I’m thinking of a recent memory, a familiar face, eyebrows slanting, eyes large and open and looking back at me – it’s good to look at one another, it’s good to put a kiss on the nose of a face that you love – a co-worker told me today that “kitten” was the derogatory term for women before it was replaced by “chick” – kittens and chicks are cute, fluffy things that grow claws and talons and beaks – kittens and chicks are things that are enjoyed when they are young and are forgotten or devoured when they grow older and I can’t wait for my claws - call me a kitten anytime you want.


truth: i almost killed what i love most

a little history:
my family has two yorkshire terriers, willow (aka stormfellow, aka stinkyboots, aka weezypup, aka babywookie) and franny (aka silverback, aka biscuit, aka chubs, aka skywalker).  in 2008, silverback had a stroke as a puppy after witnessing the abduction of our then-pup zoey by a bald eagle (it is illegal to shoot them, if you didn't know it).  silverback had a slow recovery and to this day cannot walk on hardwood floors or tile without her puppylegs giving out from under her.  she struggles to wag her tail and she is inexpressive and silent unless it is suppertime, then she flips out, licks her own face, and pats the ground with her forepaws.  i am in love with her.  she and i used to take long naps together.  i lift her to the dinner table each night and i let her eat from my plate like a real human.  i massage her legs and i tell her secrets about how i love her better than stinkyboots.  her temperament suits me, it's that simple.
4 hours ago

you'll notice that no matter how hard she is kissed, she remains unmoved.  she is a rock.  she is the surest thing.  she is my sunshine and my moonshine and my clearskies and my cloudyday.  jesus christ, she is my onetruelove.  and so when i was eating a carrots and raisins with peanut butter snack earlier this week, and silverback stood at my feet looking up at me all blankstare, i did not hesitate to drop some raisins onto the floor for her to eat.  she ate them and i could tell that she liked it because her breathing got heavy the way it does at suppertime.  i thought about how much i love raisins and how much i love silverback, and i thought about how unfair it is that she cannot choose her snacks like i can choose mine, and i thought about how deserving she is of everysnack, and i began placing the raisins in her mouth in little clumpfuls.  and then i took a nap.  when i woke up, my mom gave me some information.

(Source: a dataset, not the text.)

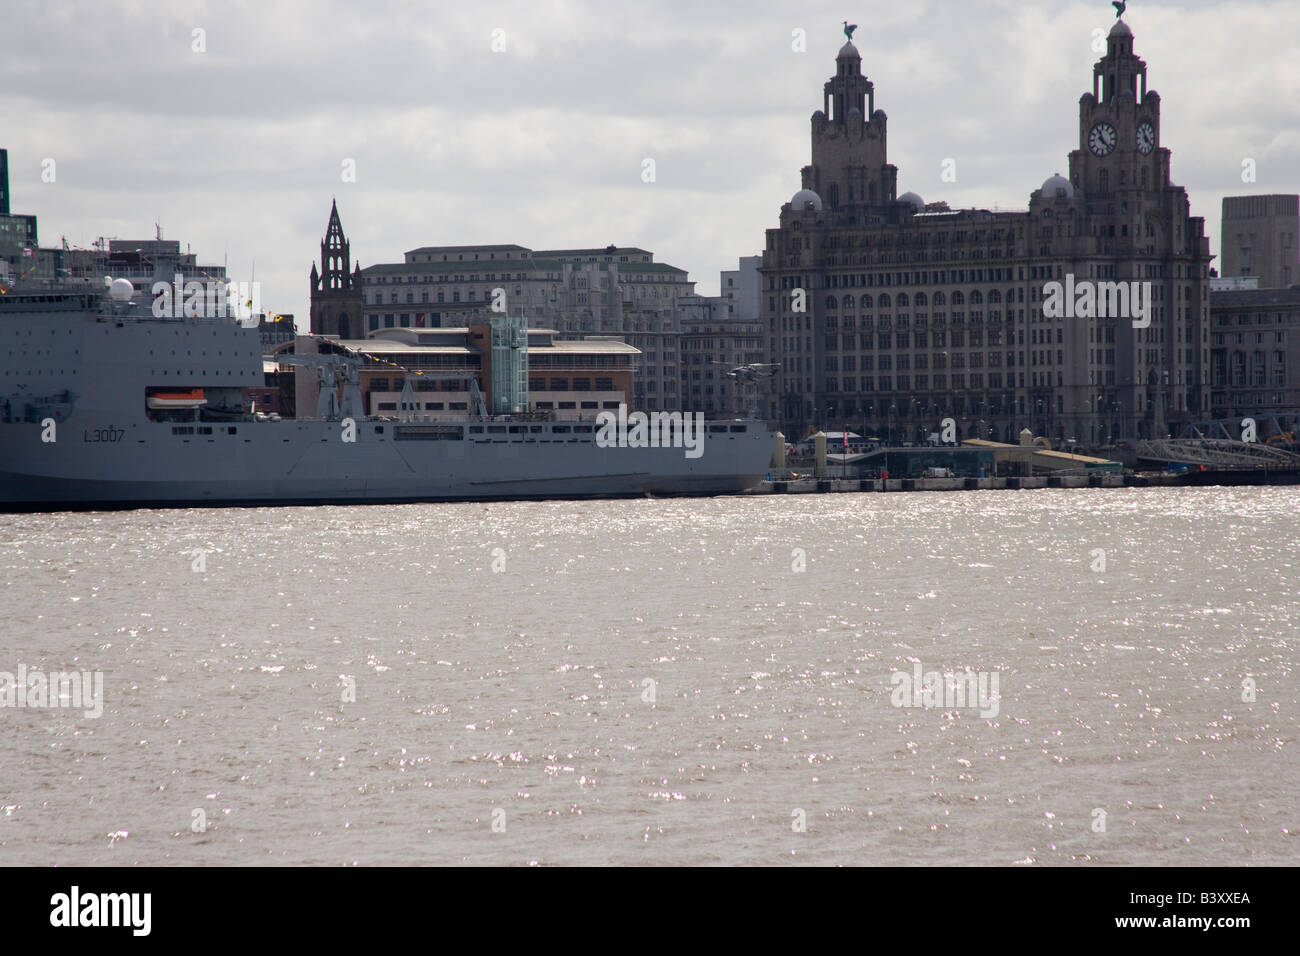 Royal Fleet Auxiliary landing ship dock Lyme Bay moored at Pier Head Liverpool as part of the Tall Ships Race in July 2008 Stock Photo

a little information about raisin toxicity:
  • apparently, raisins and grapes are toxic to dogs and can cause vomiting, renal failure, abdominal pain, diarrhea, inability to urinate, depression, and death within 48 hours of ingestion.
  • 140 cases of grape and raisin toxicity were reported to the animal poison control center between 2003 and 2004 and 7 of those cases died.
  • renal failure occurs after ingesting 3 grams per kilogram of raisins or dry matter of grapes. dry matter is calculated as 20% of grape weight.  thanks, wikipedia.
  • if you suspect that your dog has ingested large quantities of raisins or grapes, call your veterinarian or the APCC's emergency hotline at 1-888-4-ANI-HELP.
my mom convinced me that silverback was surely going to die and my dad proclaimed that he had no intention of taking her to see the vet because that would be a waste of time and money.  he forced her to vomit instead, 3 times, by feeding her pretzels (which never cease to make silverback puke).  my mom sifted through the vomit for raisins.  i volunteered to take her to the vet the next day after work at the cafe.  but guess what, she has an iron stomach and she'll snack on whatever she wants and the only reason she threw up was because my dad forced her to.  she is fine and i feel terrible about my ignorance and so

i am not going to eat raisins for 60 days.  

and i would like to invite the whole world that knows about this secret blog to also abstain from that snack as a tribute to silverback's iron stomach, thank christ, and in remembrance of those fine puppies who have died of raisin or grape-induced renal failure in the past.  please don't eat raisins.  eat the grapes if you want.  but don't eat the raisins.  and don't leave them on the ground, for heaven's sake, because a dog might snack on them.